§ **WHAT THIS TASK INVOLVES**:
Transcribe the lines below verbatim, skipping the images.

§ **SUPPLIED DATA**:

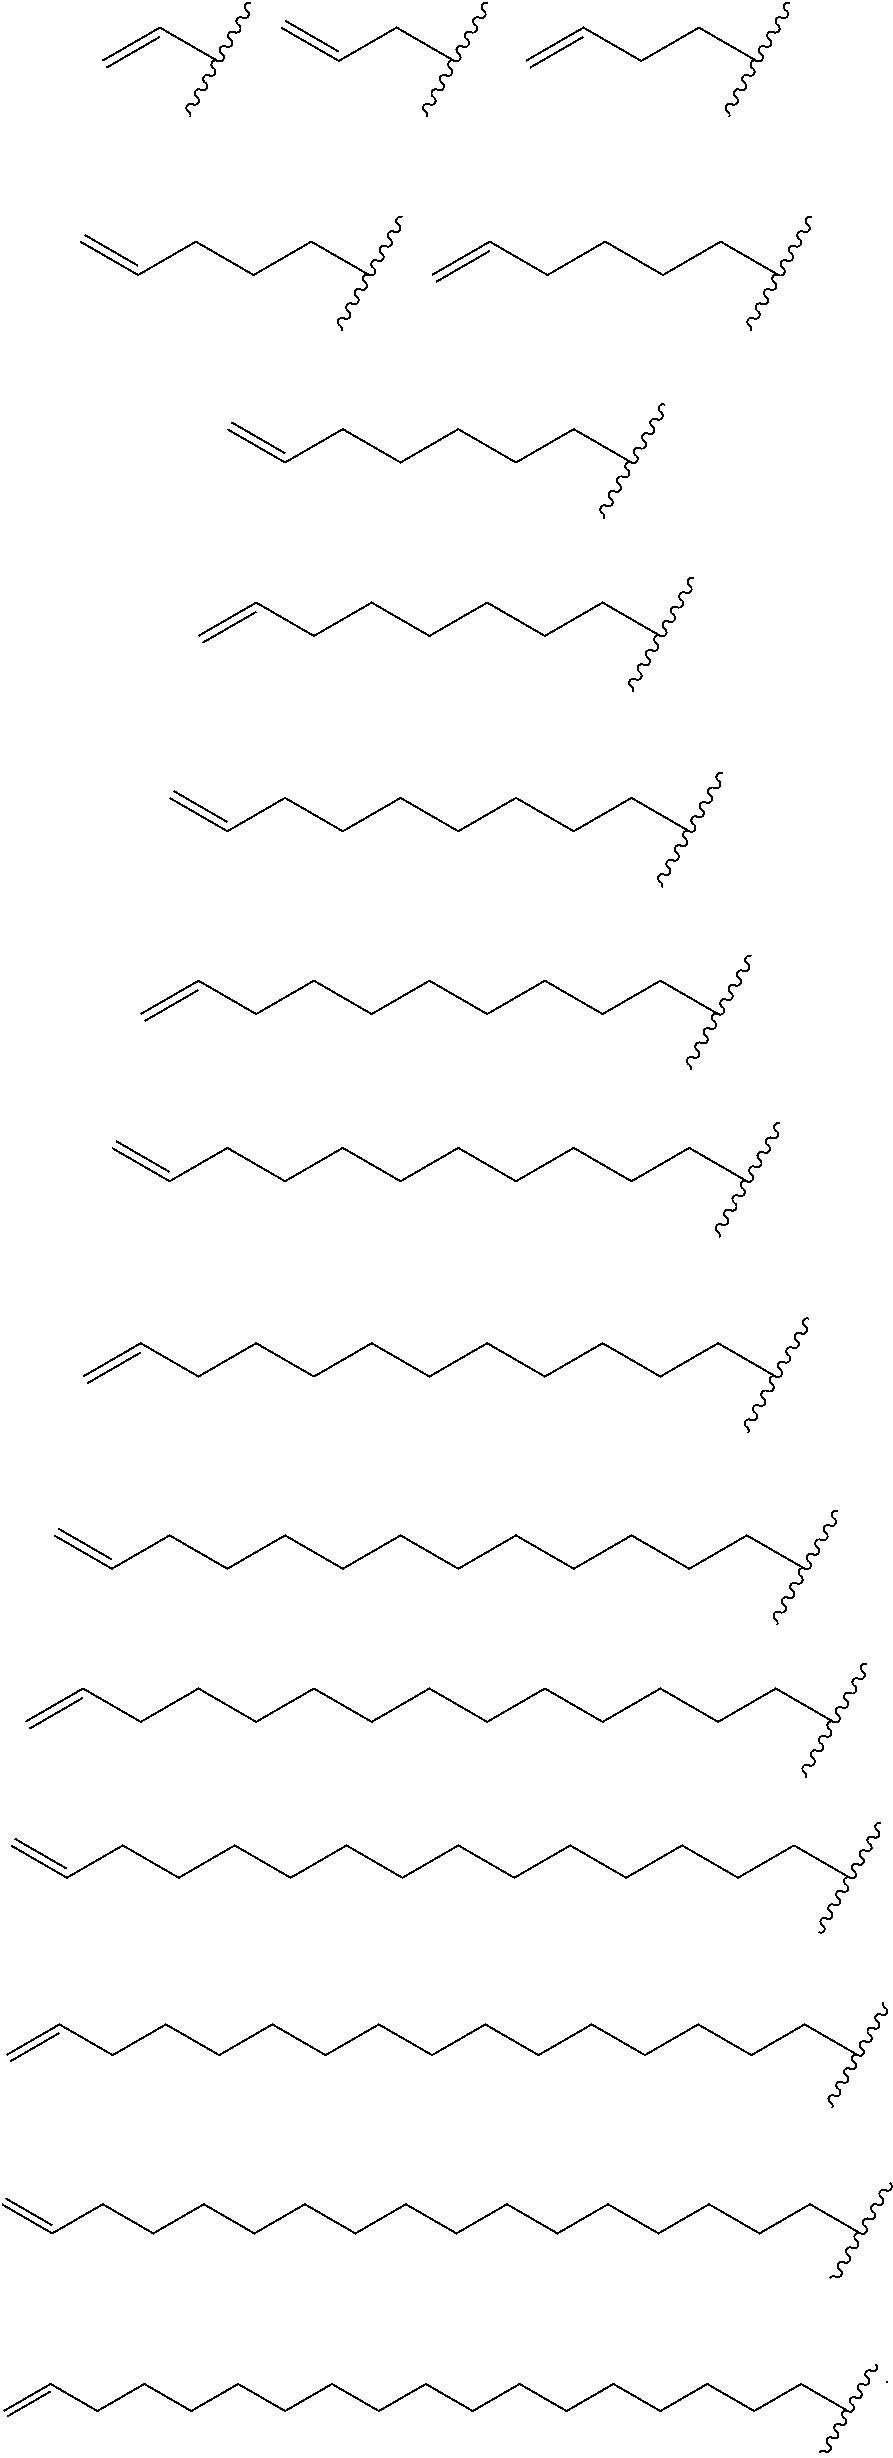 Figure US08969353-20150303-C00046
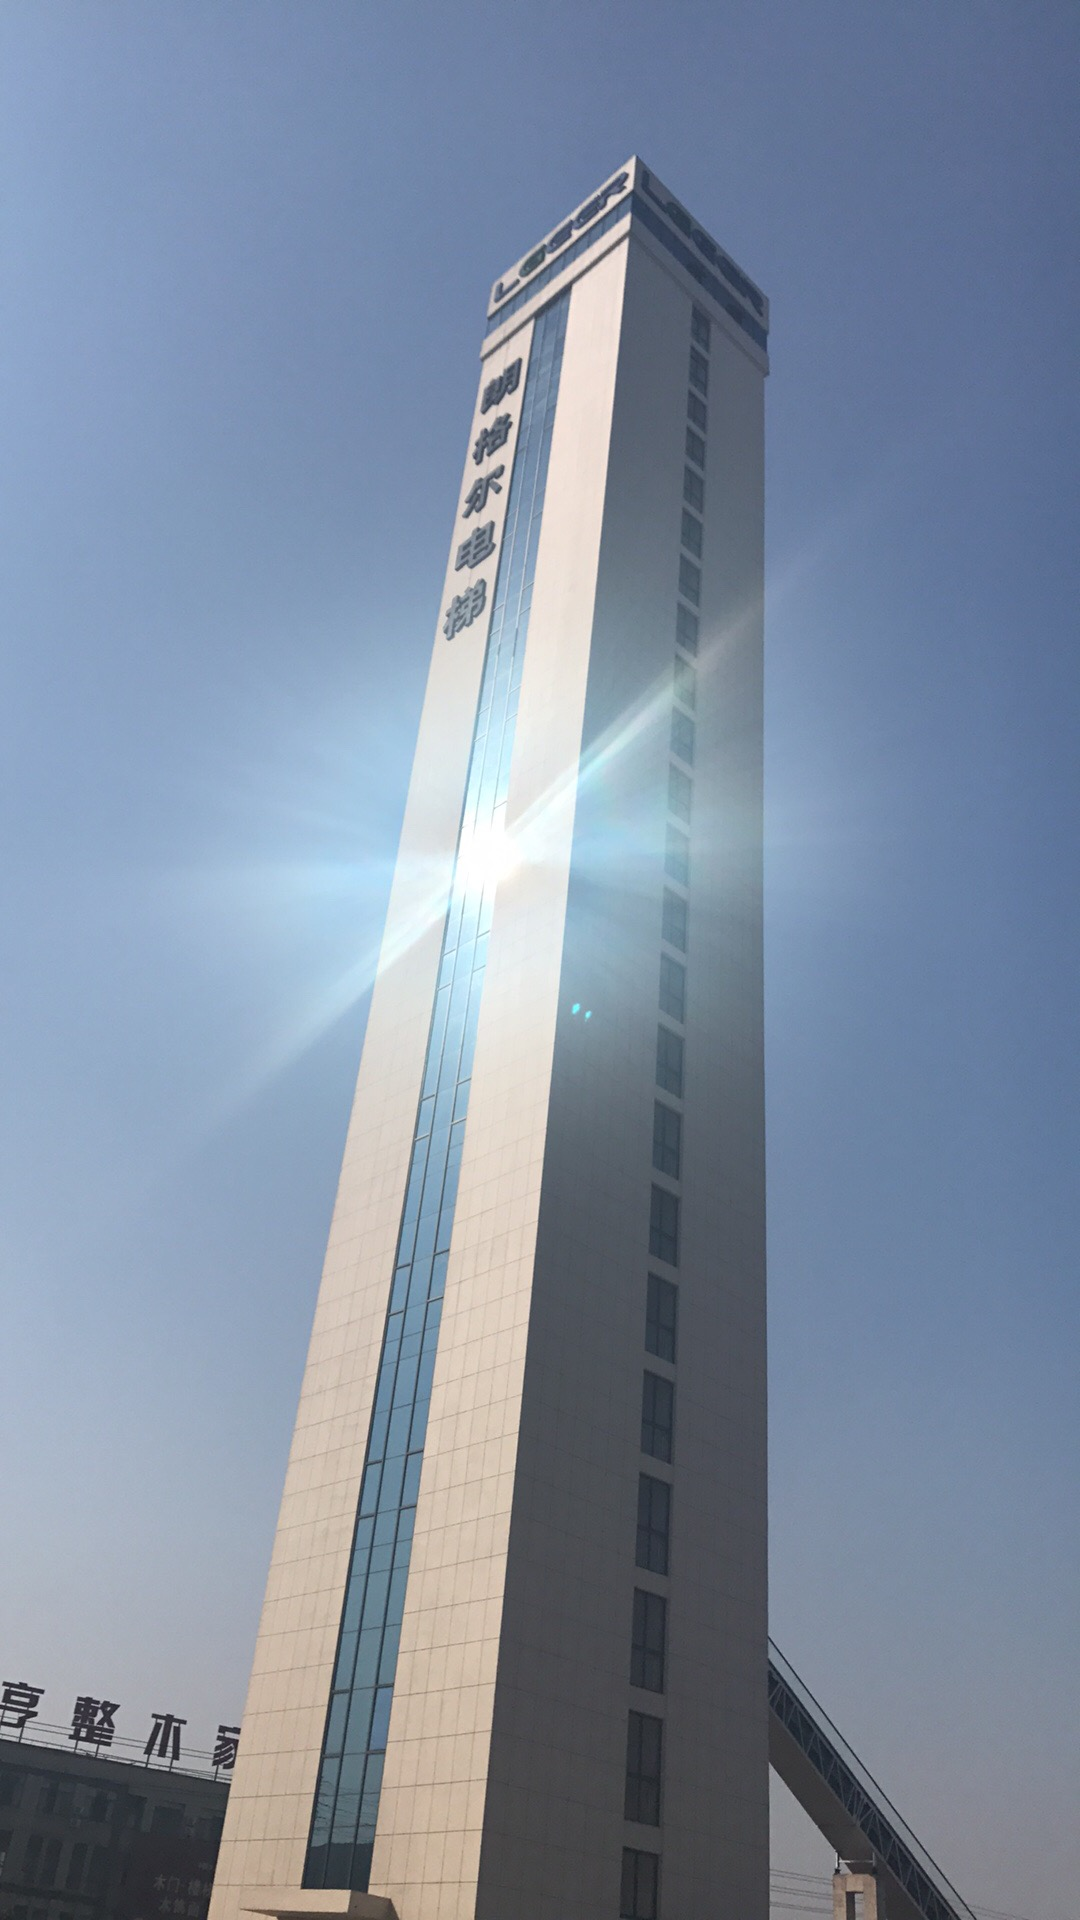 LGEER TESTING TOWER
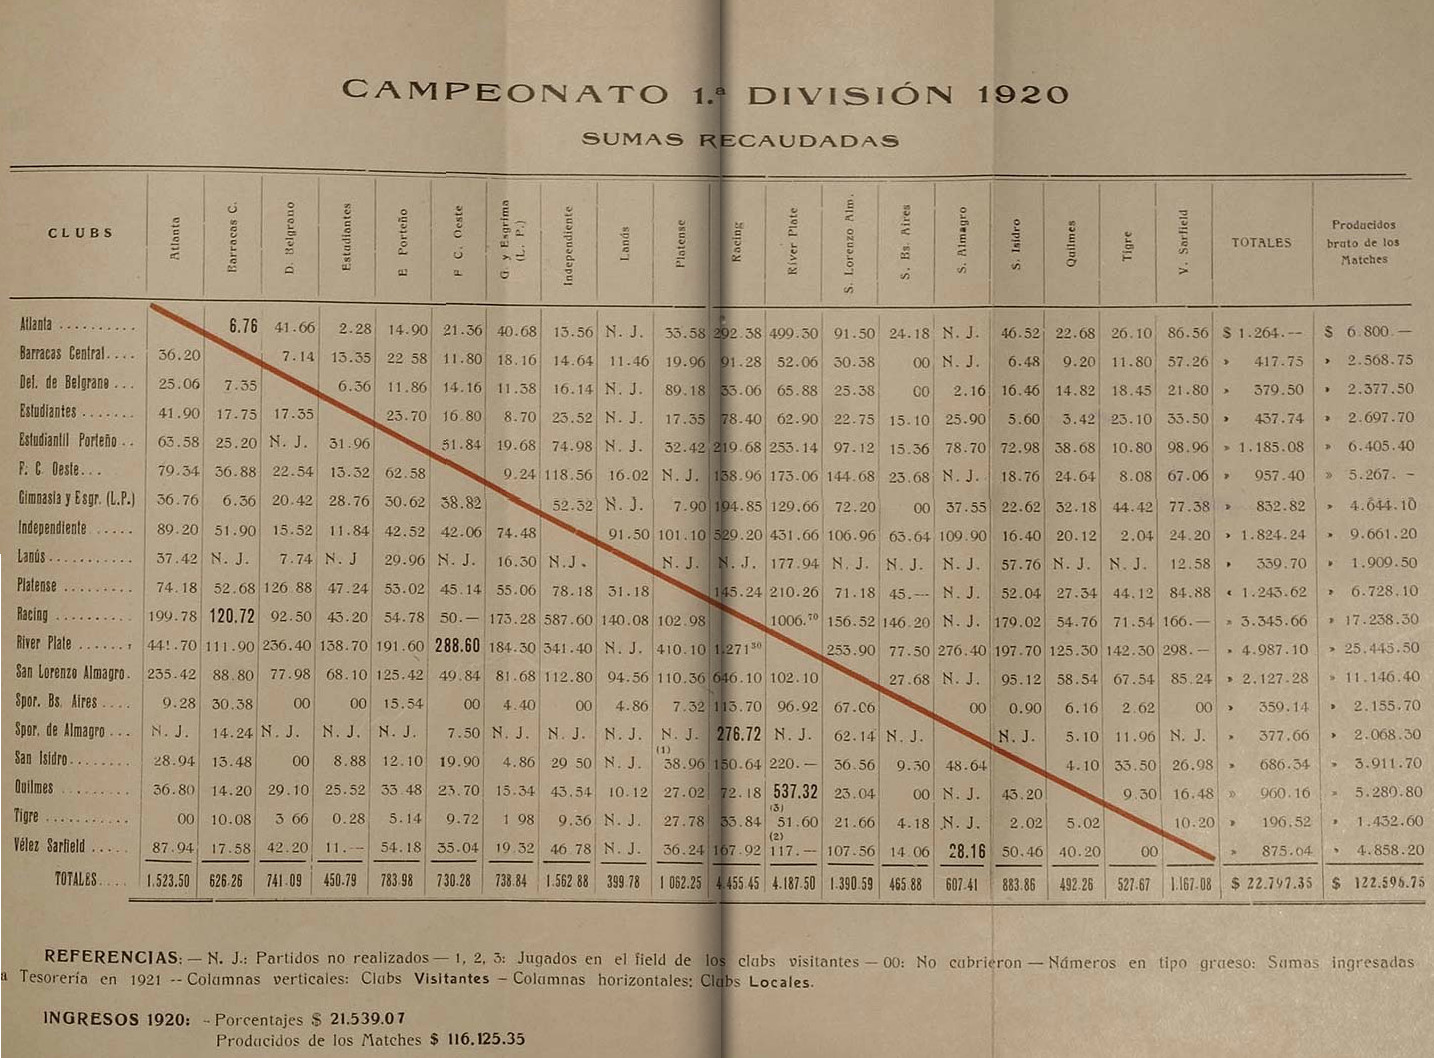 1920 - tabla campeonato - memoria y balance 1920 aamf

§ **YOUR RESPONSE**:
 Figure US08969353-20150303-C00046
 LGEER TESTING TOWER
 1920 - tabla campeonato - memoria y balance 1920 aamf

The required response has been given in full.